EXERCISE DESCRIPTION
In the records below, find the line with "queens-bus-map-new-york-top-tourist-attractions-map", then retype it and every following line exactly, stopping after the line with "Carpet Cleaners Putney". Leave the pictures out.

THE DATA
>>>>

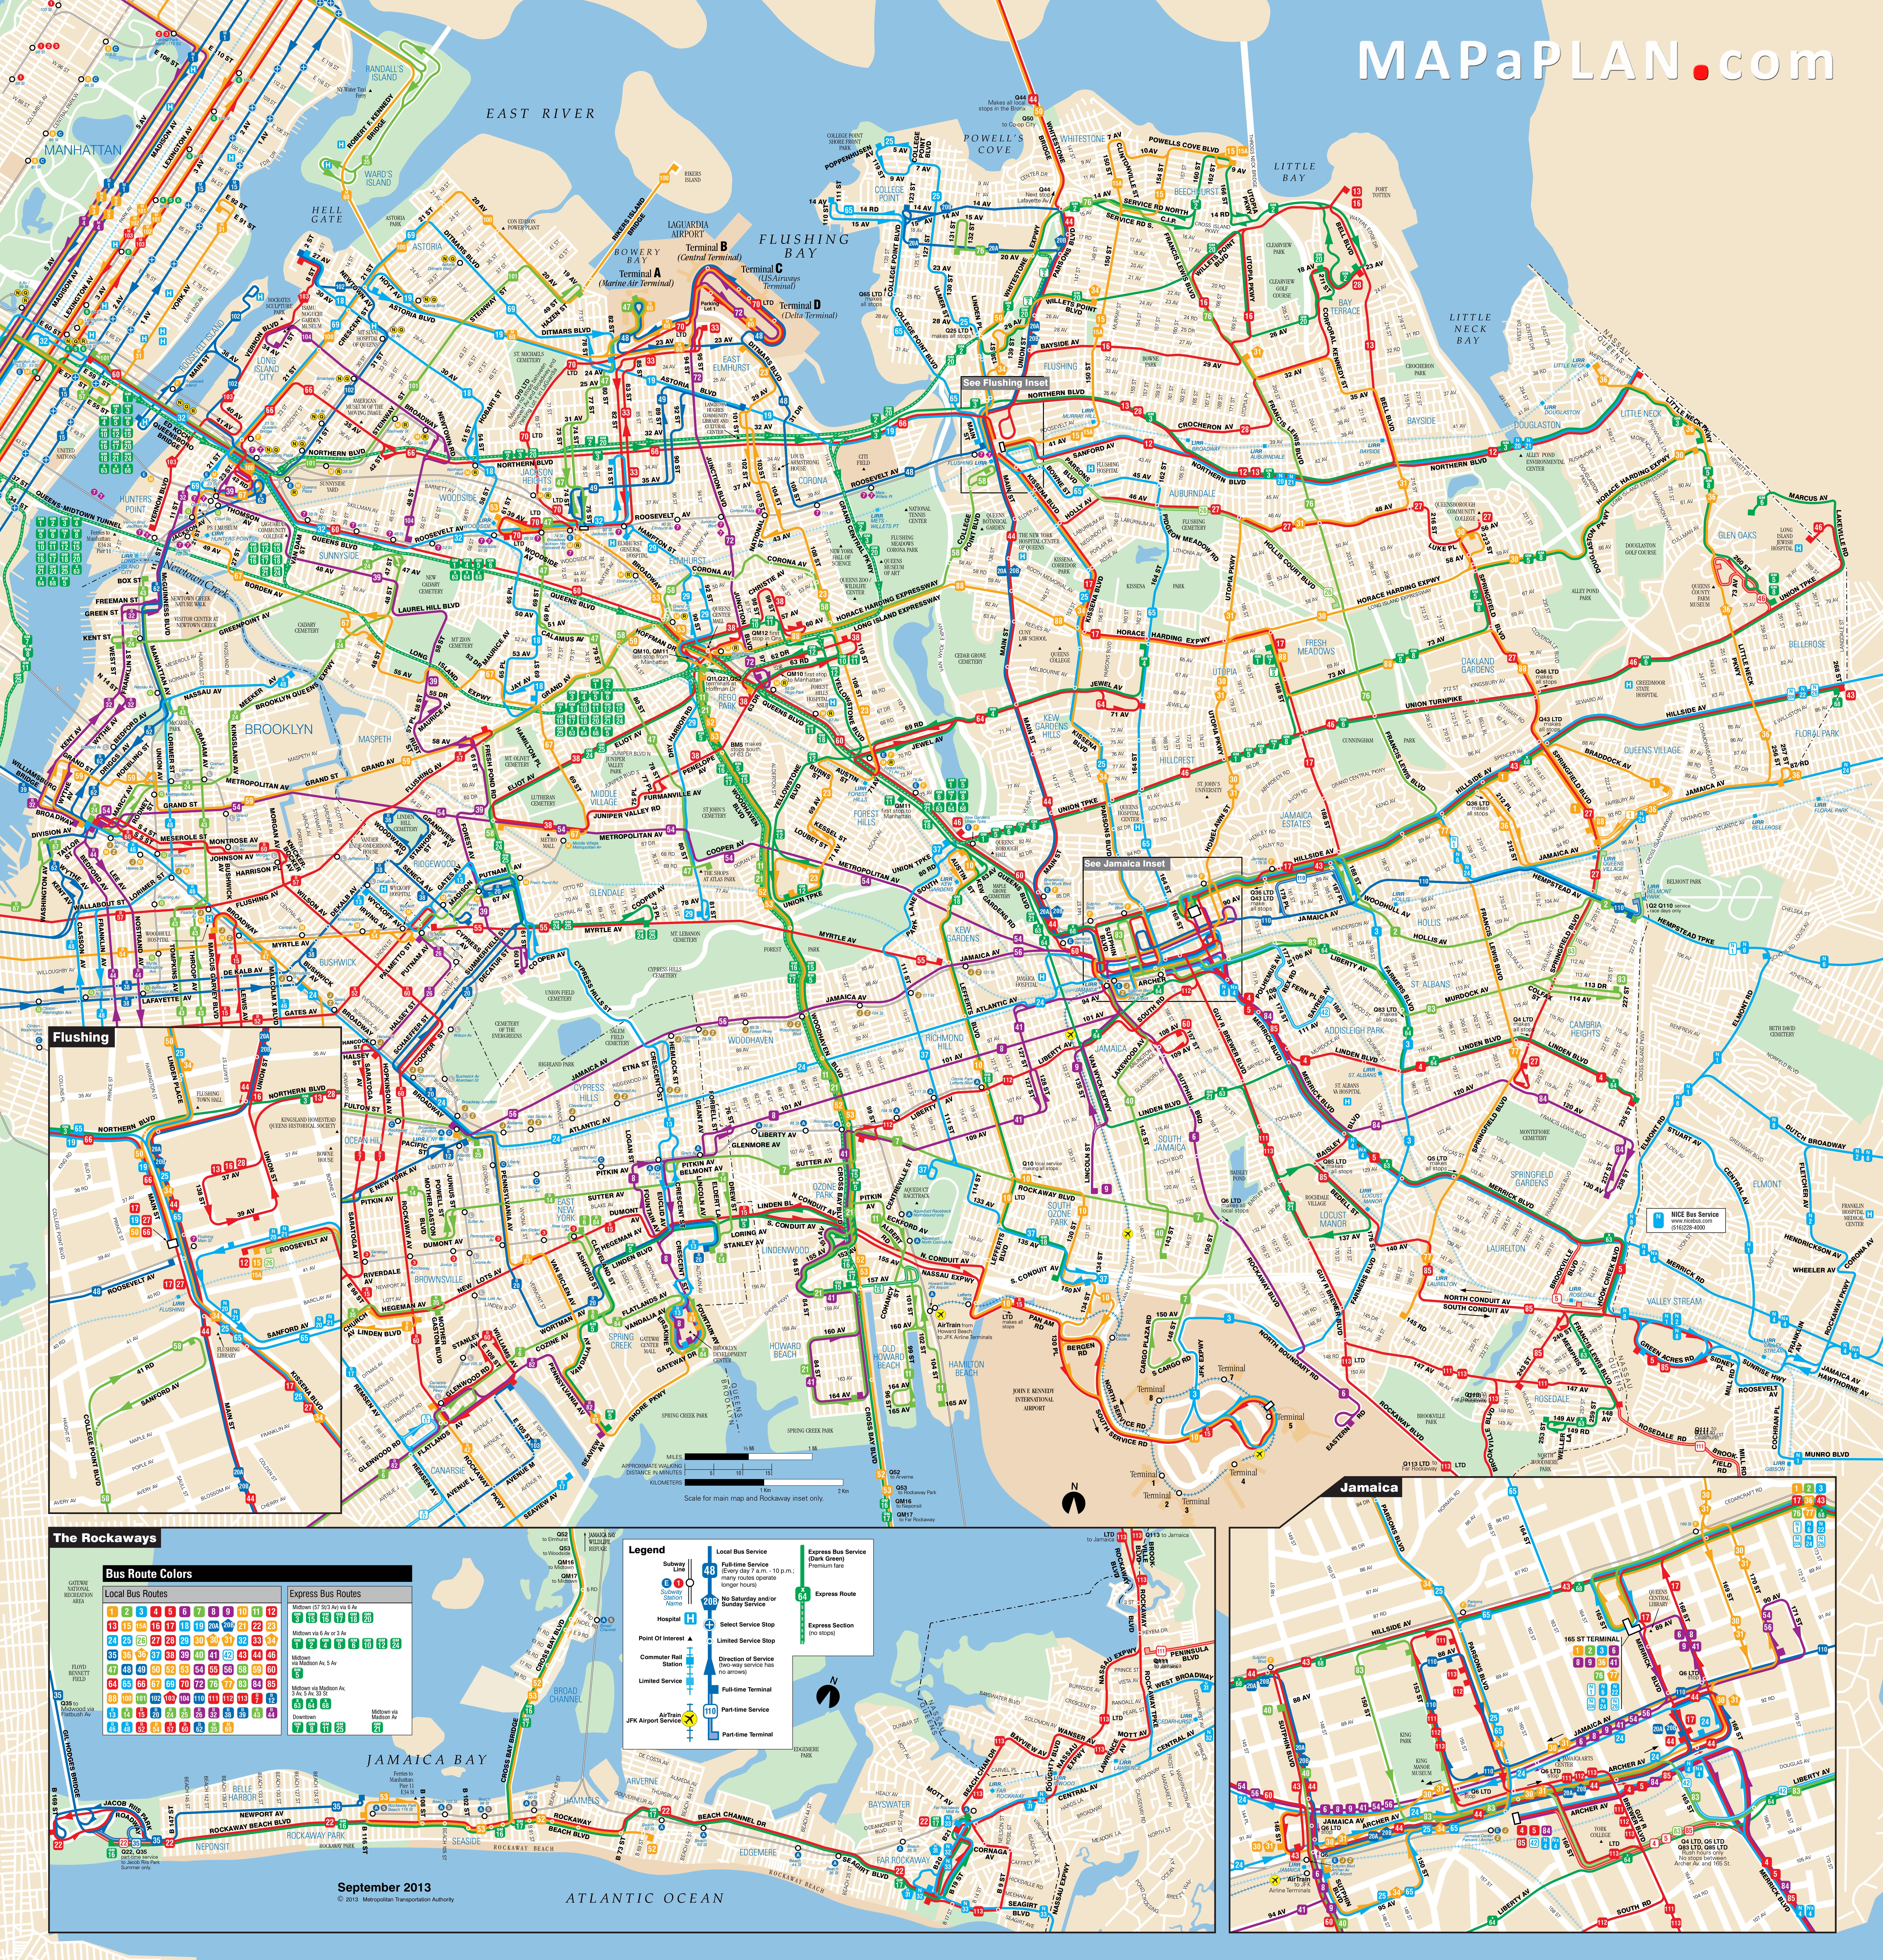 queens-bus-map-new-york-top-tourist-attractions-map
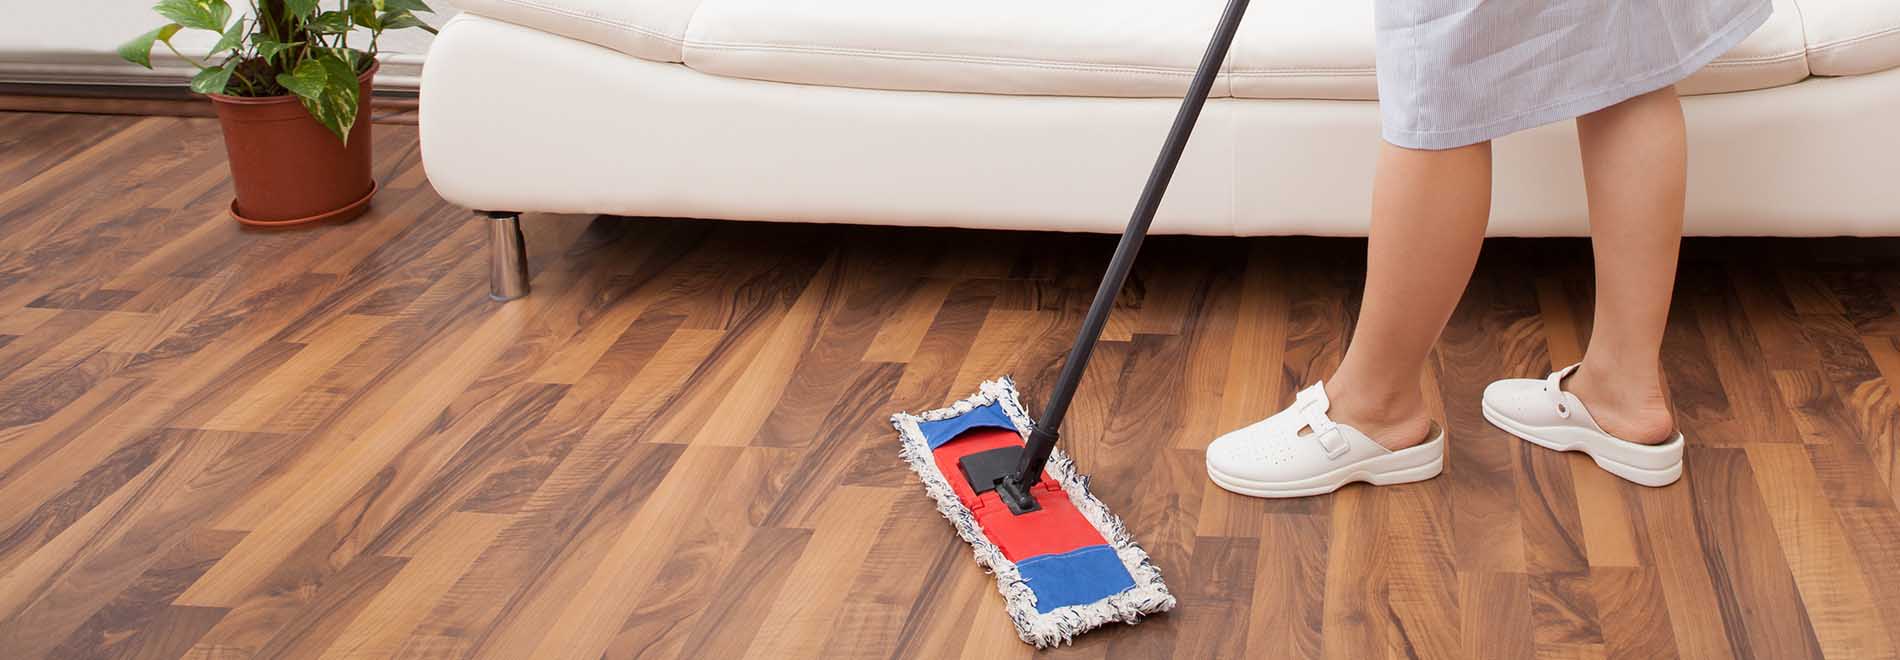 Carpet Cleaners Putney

<<<<
>>>>

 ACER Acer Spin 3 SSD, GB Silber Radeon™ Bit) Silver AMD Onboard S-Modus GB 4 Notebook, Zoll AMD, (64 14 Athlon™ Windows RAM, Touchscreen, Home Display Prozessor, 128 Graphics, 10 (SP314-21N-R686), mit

<<<<

EXPECTED ANSWER
 queens-bus-map-new-york-top-tourist-attractions-map
 Carpet Cleaners Putney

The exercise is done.